Monday, June 6, 2016

Decomposing Page Objects

This month has been heavily dedicated to defining a more robust approach to the page object pattern, which I have been calling Page Modeling. Page Modeling is not going away, however, in a recent 'twitter war' with Marcel de Vries, I was forced to really think about what the classic Page Objects pattern brings to the table that Page Modeling is 'missing' and to be able to highlight where Page Modeling fits into the picture.

This post is dedicated to decomposing the page object pattern into three distinct layers of abstraction. I believe that Page Objects have too many responsibilities and this leads to confusion / ambiguity on how to build the Page Object as well as having a need for multiple changes to the Page Object when only simple changes are made to the UI. Of course I will explain further about what this exactly means.

To start, I would like to identify three distinct aspect of the Page Object pattern which I feel should be decoupled.
  1. Page Modeling
    Finding UI elements on screen and exposing the behaviors and observations of those UI elements
  2. Orchestration
    Given the UI capabilities, what are the interesting things we can do
  3. Scenarios
    Given an orchestration, implements scenarios based on real user use of the application
I realized that page modeling alone does not provide all of the utility of page objects, but the additional utility can easily be added.

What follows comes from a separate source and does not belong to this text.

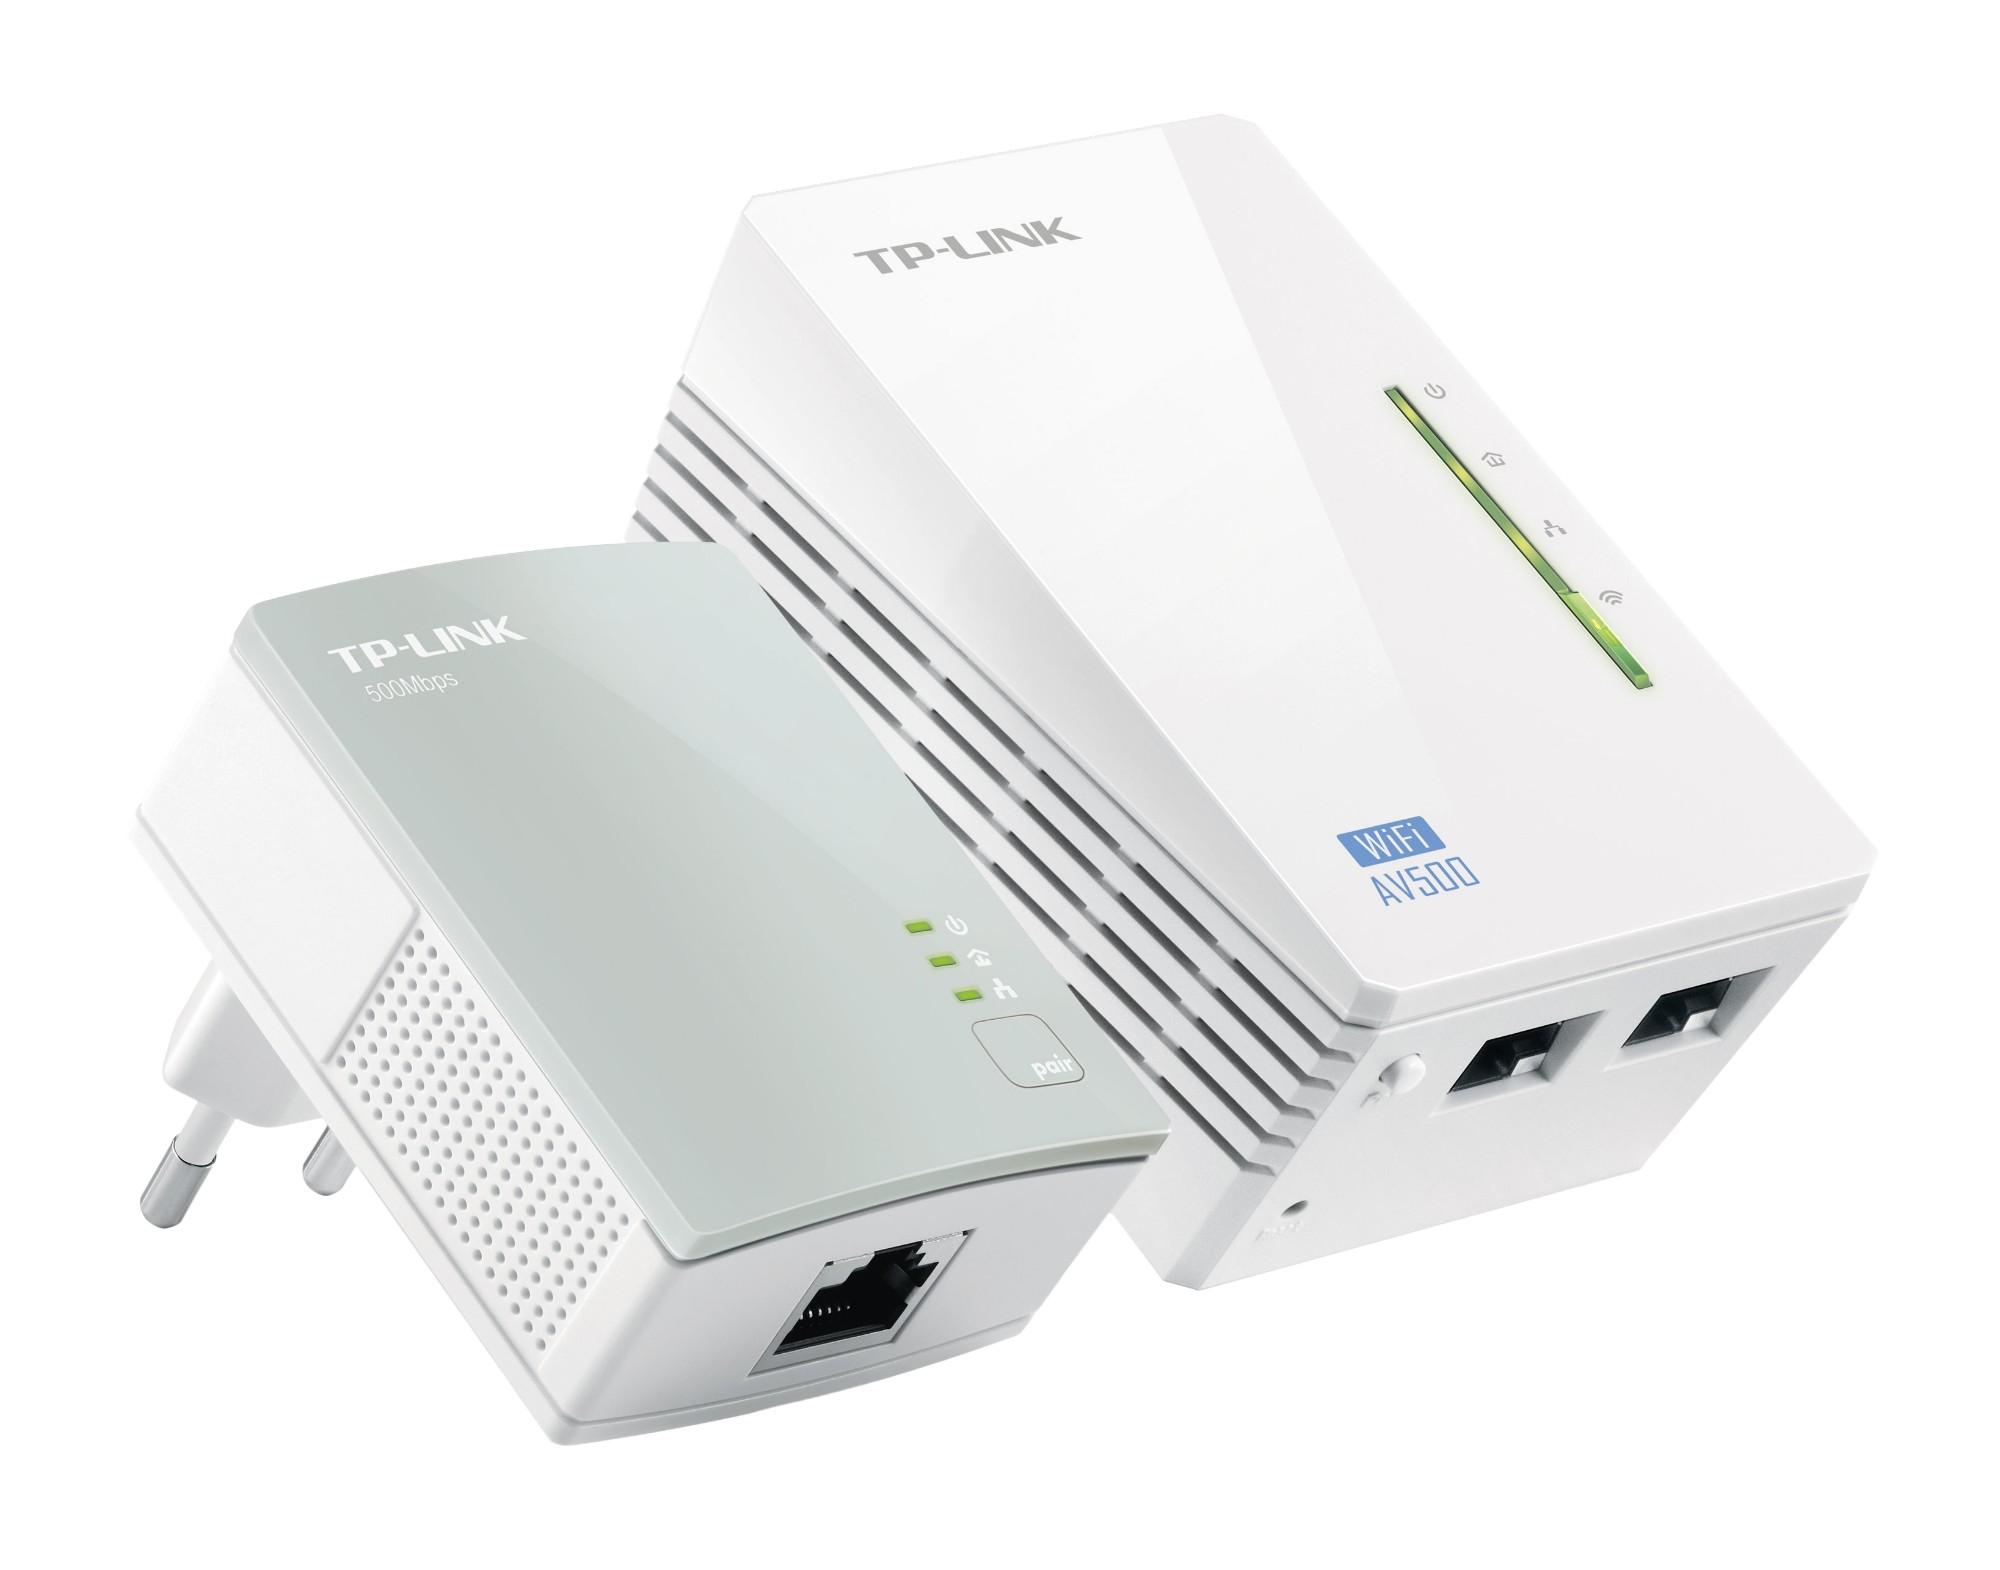 Wireless N Powerline Extender Tl-wpa4220 300mbps Kit Incl Tl-wpa4220 And Tl-pa4010

Now, I will cover each aspect and how they can be assembled to implement the page object pattern in a far more robust and maintainable manner. The additional utility, however, doesn't really have a standard abstraction and would be custom to your application. This is because the higher level abstractions depend on the business concerns around how to use the application and are not representing the UI.

Page Modeling

I have covered Page Modeling in depth in previous blogs as well as CodedUI Examples website so I'll just summarize it here. Martin Fowler indicates that
The basic rule of thumb for a page object is that it should allow a software client to do anything and see anything that a human can. It should also provide an interface that's easy to program to and hides the underlying widgetry in the window.
At some point, you actually do need to interrogate that widgetry to test UI state and that the controls are behaving properly (formatting phone numbers, providing money with $, etc). This point is what makes the traditional page object pattern unmanageable as I will try to highlight below. Page Modeling hides the implementation of the widgetry so that the client doesn't care if they are using a TextBox, TextArea, MyCustomTextControl, etc... Page Modeling exposes the observations and behaviors of a UI element. So what are observations and behaviors you ask?

Behaviors

Behaviors are what the user can do with the UI. For instance, setting the value of a TextBox or Clicking a button. The result of a behavior is typically a Page Model representing the next most-likely thing with which the user will interact. This allows for a fluent syntax where the result of an action returns the next thing to work with.

Page Modeling


interface ILoginPage : IPageModel
{
    // instead, expose the components that allow a login to happen
    IReadWriteValuePageModel<string, ILoginPage> Username {get;}
    IReadWriteValuePageModel<string, ILoginPage> Password {get;}
    ISelectionablePageModel<ILoginPage> RememberMe {get;}
    IClickablePageModel<IAccountSettings> Login {get;}
}

interface IAccountSettings : IPageModel
{
    IReadWriteValuePageModel<string, ILoginPage> FirstName {get;}
    IClickablePageModel<IAccountSettings> Save {get;}
}

public void LoginAndSetFirstName()
{
    ILoginPage loginPage = new LoginPage(browserWindow);// get a reference to the login page

    Assert.IsFalse(loginPage.Login.IsActionable()); // IsActionable <=> enabled and visible
    
    Assert.IsTrue(loginPage.UserName.SetText("MyUserName") // set the username which returns reference to the login page
                           .Password.SetText("MyPassword") // set the password which returns reference to the login page
                           .Login.IsActionable());

    IAccountSettings accountSettings = loginPage.Login.Click(); // click login which returns a reference to account settings page

    // from here, I could do more, but the above logic would probably be refactored out into a Scenario
    // IAccountSettings accountSettings = new LoginScenario(loginPage).LoginStandardUser();

    Assert.IsFalse(loginPage.IsRendered());
    Assert.IsTrue(accountSettings.IsRendered());

    string myName = "MyName";
    accountSettings.FirstName.SetText(myName) // set first name returns reference to account settings page
                   .Save().Click() // click save which returns a reference to account settings page
                   .FirstName.Value; // get the current value in the first name field after the page refreshes from the POST request

    Assert.IsTrue(myName.Equals(myName));
}

This fluent syntax is highly expressive of what the user is doing. In Page Objects, you would have a ton of methods like Is{control}{state}(). In Page Modeling, you have one property for each UI element {control} with methods like Is{state}(). Consider the difference below.

Page Objects


class LoginPage : Page
{
    AccountSettings Login(string username, string password);
    bool IsLoginButtonActionable();
}

class AccountSettings : Page
{
    // I can create one method for each property
    // AccountSettings UpdateFirstNameAndSave(string firstName); // oh boy... do not go this route!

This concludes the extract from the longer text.